Common mistakes to avoid

  • Thinking that every bank service is free because the bank is already holding your money.
  • Only looking at the monthly loan payment without checking the interest rate and the total amount you will repay.
  • Ignoring small fees because each one appears inexpensive.

You should always try to understand what the bank earns from any product you pay for and what it will cost you!

Your activity

What Can You Do Today?

Today, check your bank’s website or mobile banking app and find the following:

  • The fees attached to your account
  • The interest rate on your savings
  • The interest charged on loans or credit cards
  • One fee you may be able to avoid

You do not need to understand everything. Just start by understanding the products you use.

Reflection question

For our usual reflection, try asking yourself:

What is one way your bank may currently be earning money from you?

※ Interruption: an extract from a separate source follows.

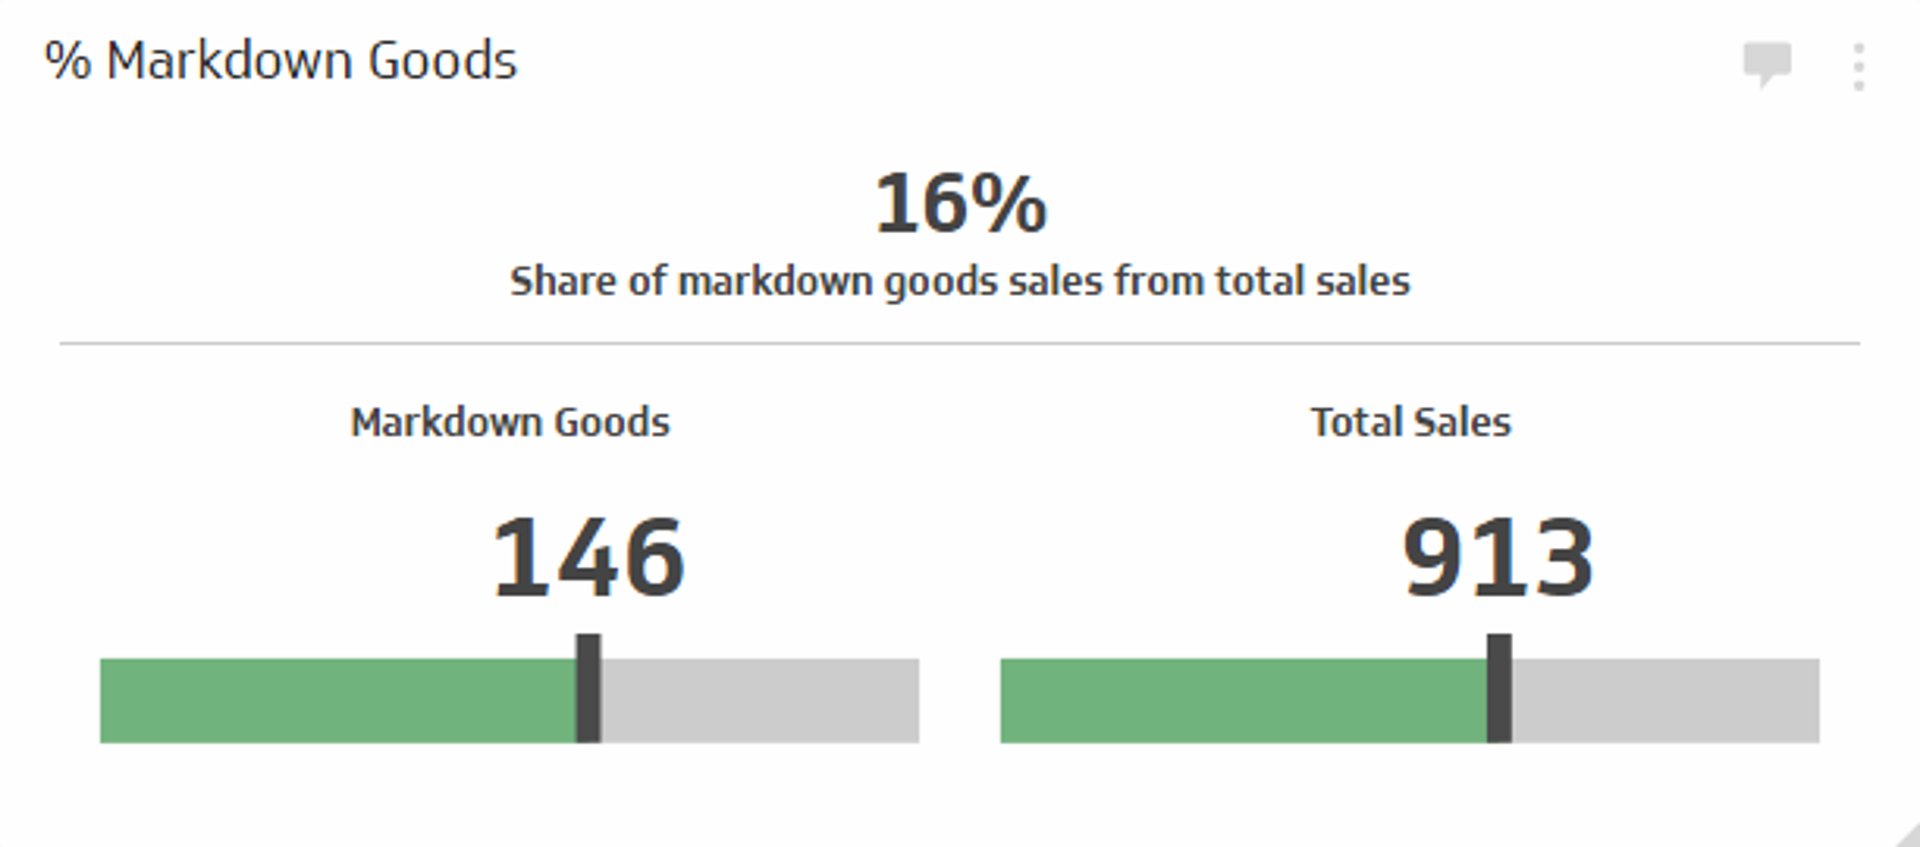 Related KPI Examples -  % Markdown Goods Metric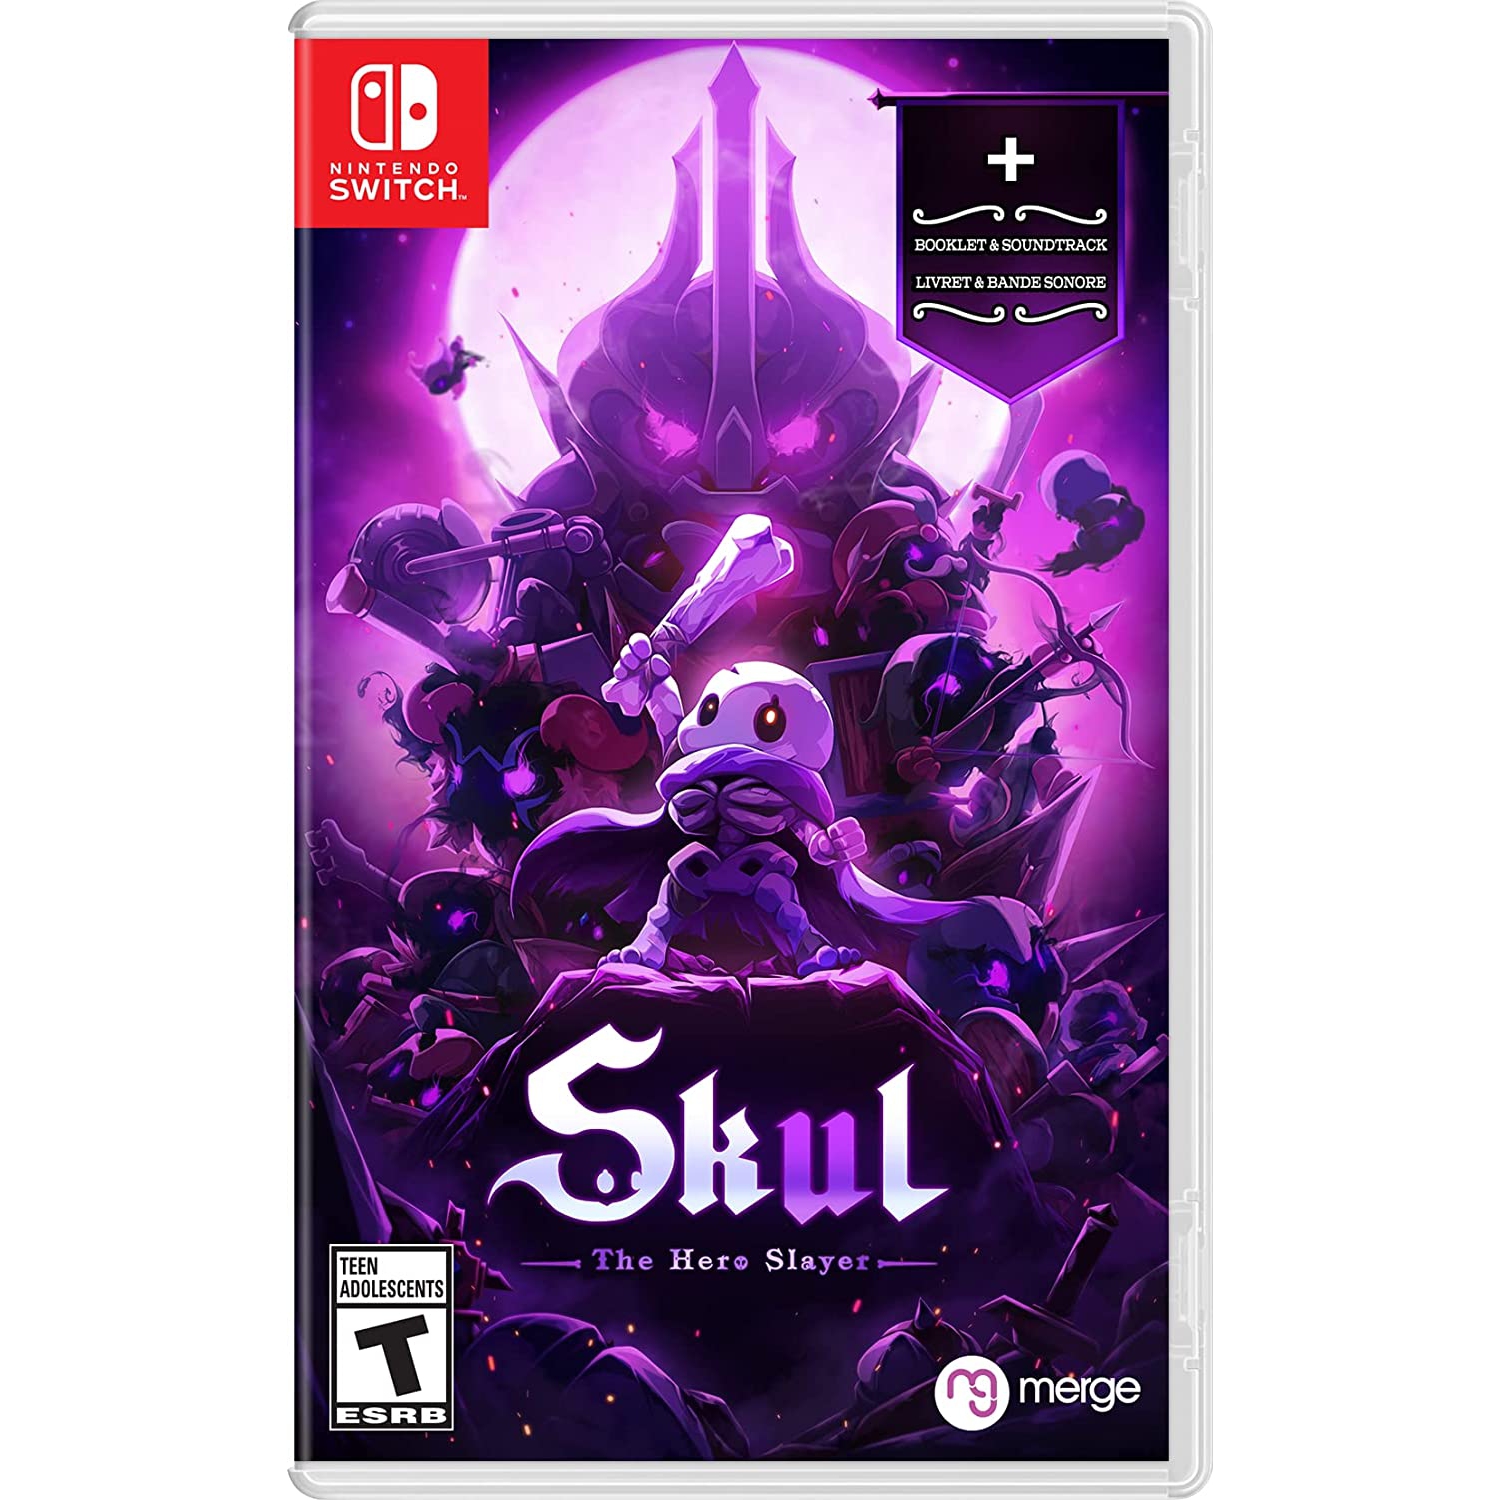 Skul The Hero Slayer -Nintendo Switch Games and Software

Take 60 seconds. Write your answer in a notebook or notes app.

Key takeaways

  • Banks are businesses, and their services are designed to generate income.
  • Banks often earn more from loans and services than they pay to customers.
  • Interest charged on loans is one of the main sources of bank income.
  • Banks may also earn money from fees and credit cards.
  • Investments and financial services provide banks with additional income.
  • Savings interest is usually lower than loan interest so banks can cover costs and risks.
  • Small banking fees can add up over time.
  • You should understand the costs attached to every banking product you use.
Check your understanding

Why do banks usually charge borrowers more interest than they pay savers?